SummaryBritish author David Mitchell’s debut novel Ghostwritten, published in 1999, has been lauded for its innovative nine-part structure, in which each chapter is presented as a first-person narrative that involves, each time, a different narrator with a different story. Mitchell himself describes this arrangement as a way to “locate meaning in randomness […] Each chapter offers a different reason why its events unfold as they do” (Begley 2010: 5). Such a postmodern concern with randomness is evident when the ostensible self-sufficiency of the individual account is undermined by the arbitrary, often mysterious (re)appearance of one or the other narrator as character in another’s story. Interestingly, these surprise appearances, of what could be called the “experiencing other”, work to undermine the centrality of the narrator’s story – of what could be called the “master narrative”. This destabilisation is compounded in characteristic postmodern fashion by the continual displacement of the narrating “I” from one chapter to the next.

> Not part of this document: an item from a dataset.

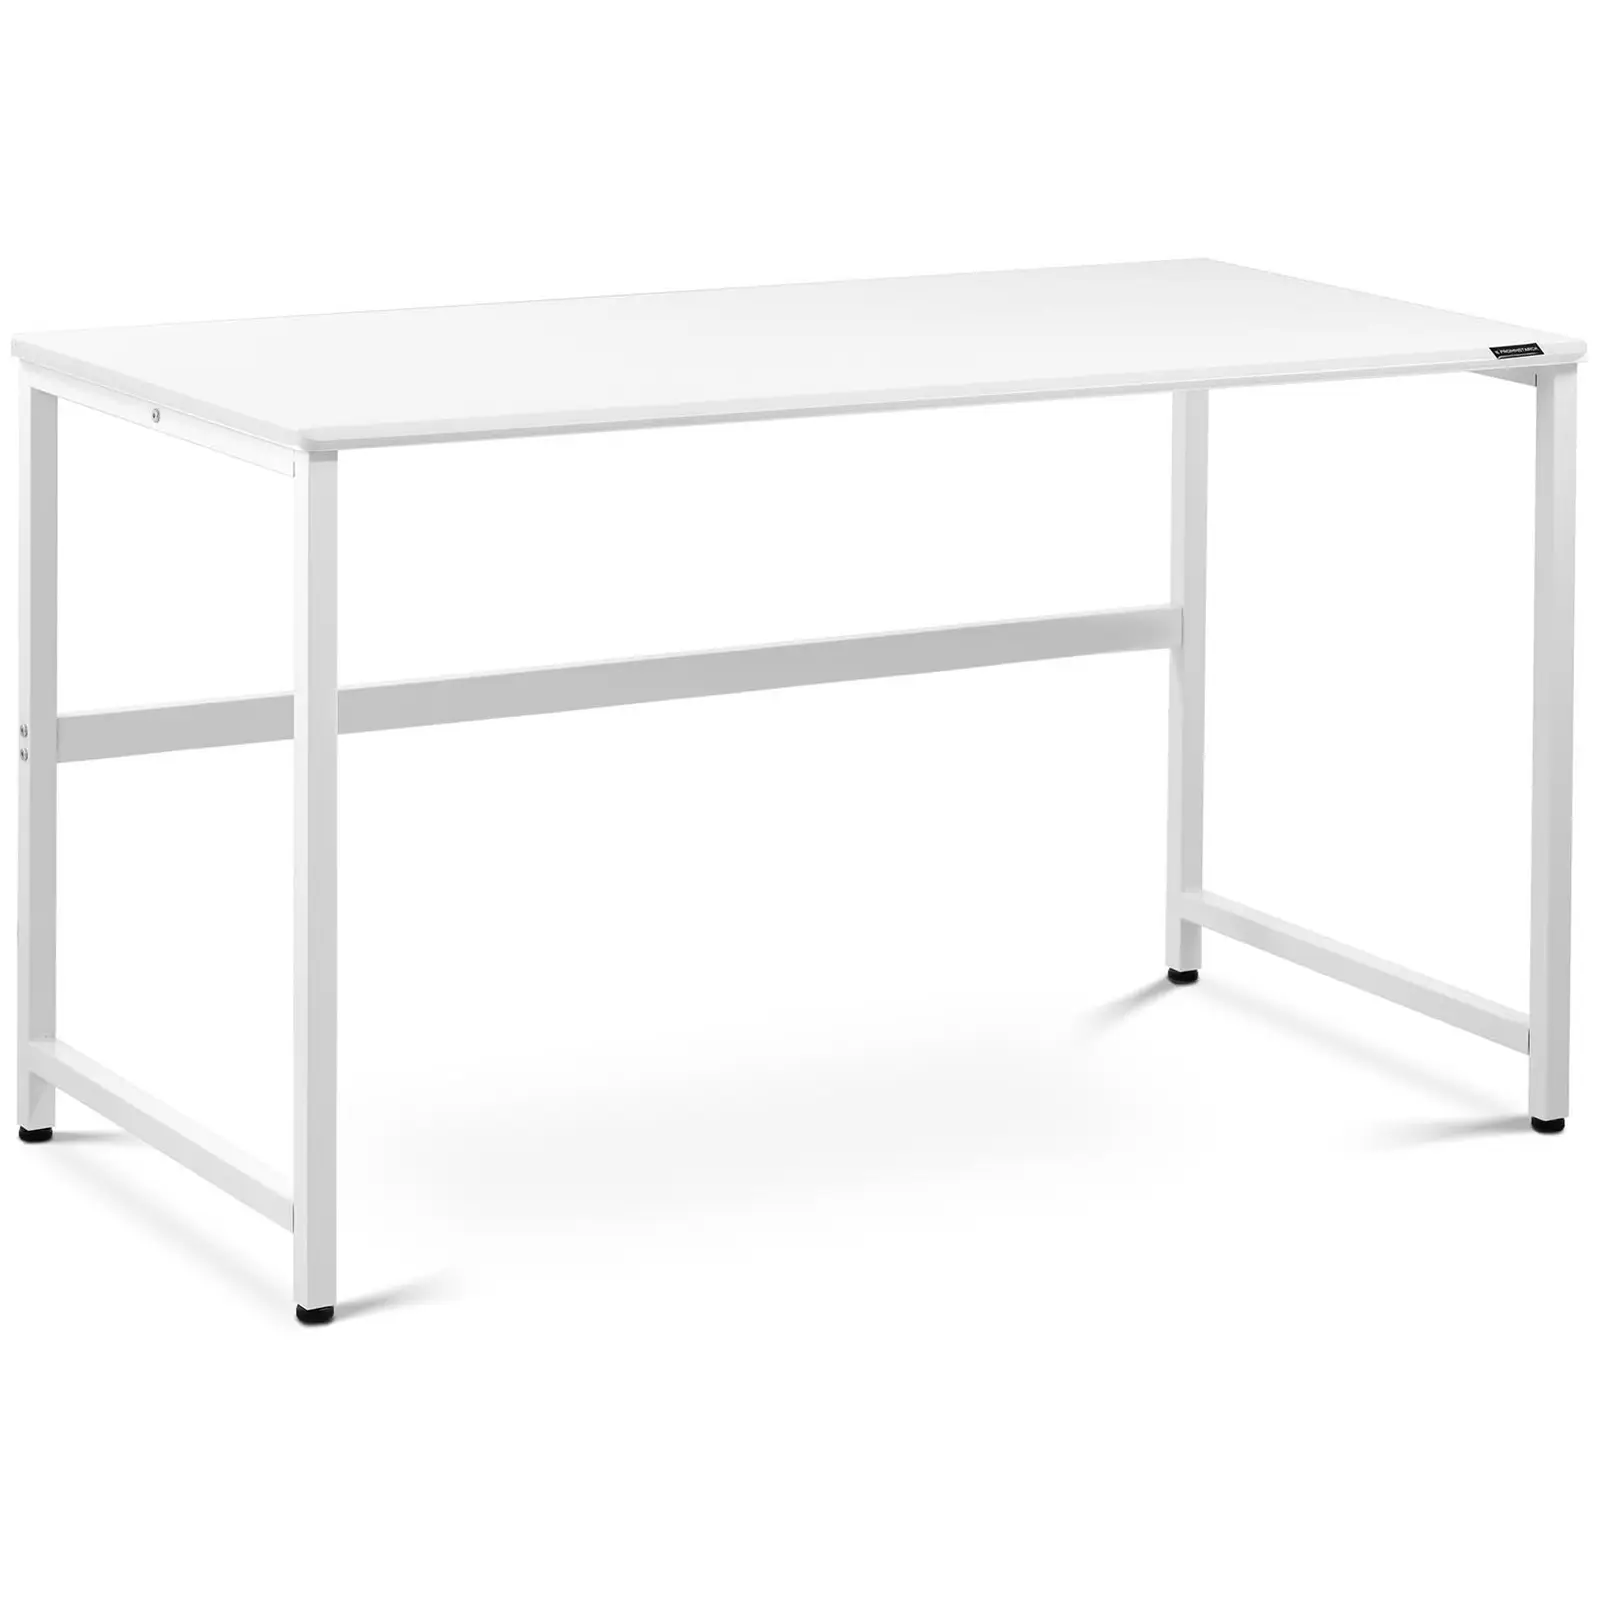 B-termék Íróasztal - 120 x 60 cm - fehér 
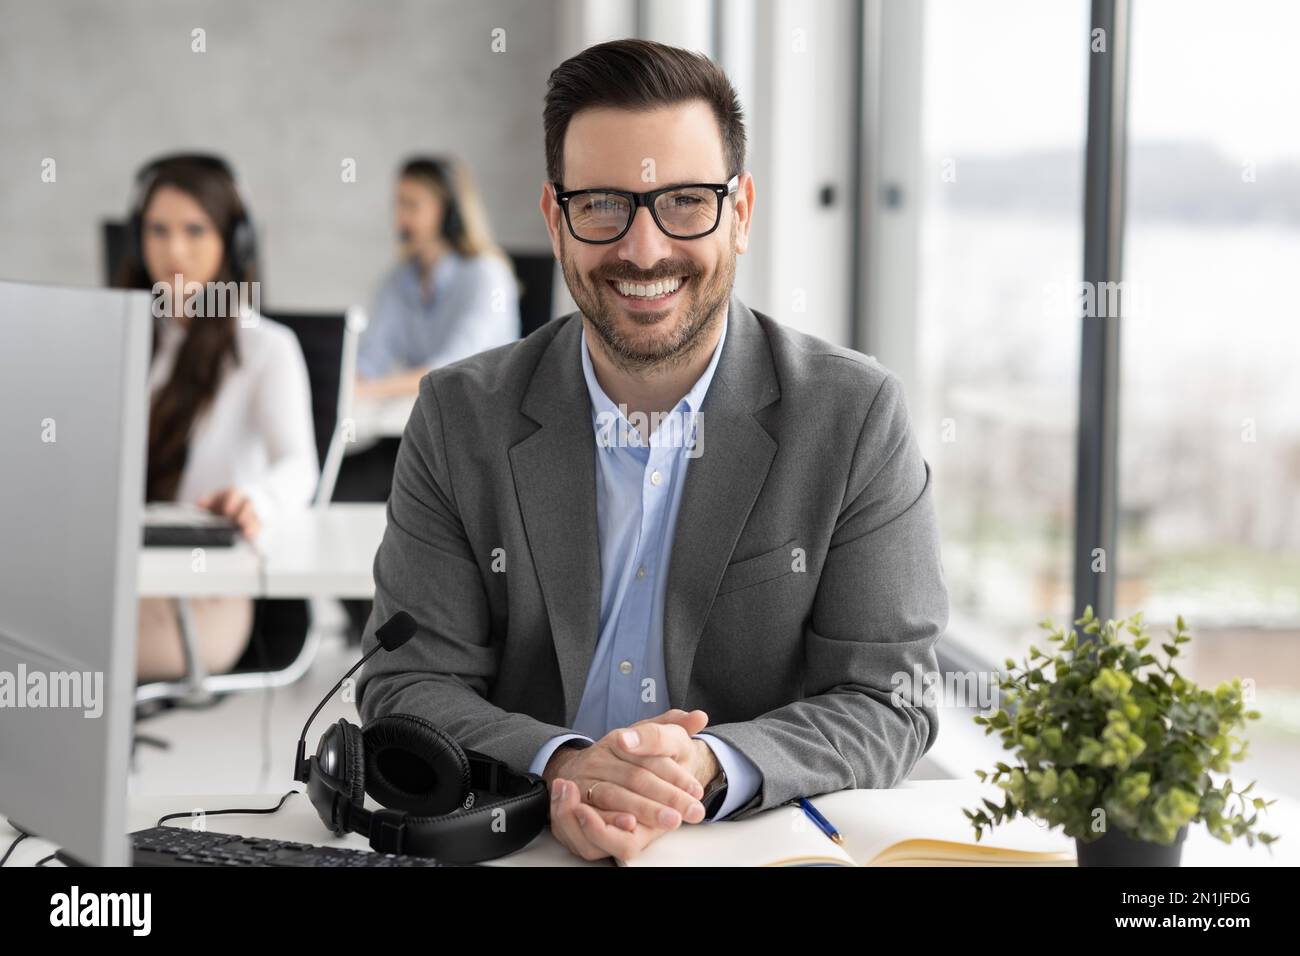 Lächelnder, bärtiger Geschäftsmann mit Brille im Callcenter-Büro Stockfoto

Thus, while the “I” remains – or seems to remain – a constant throughout, the individual subject is ceaselessly recycled as the experiencing other in different guises; it is a process that apparently denies the formation of an individual identity, thus ratifying the postmodern anxiety about the end of individuality. However, as I argue in this article, it is precisely this continual recycling that affords the decentred subject a chance at individuality. In a telling deconstructive gesture, Mitchell’s novel bypasses the transcendental Subject to allow a space in which the plural subject can claim its identity, paradoxically, as a singular entity.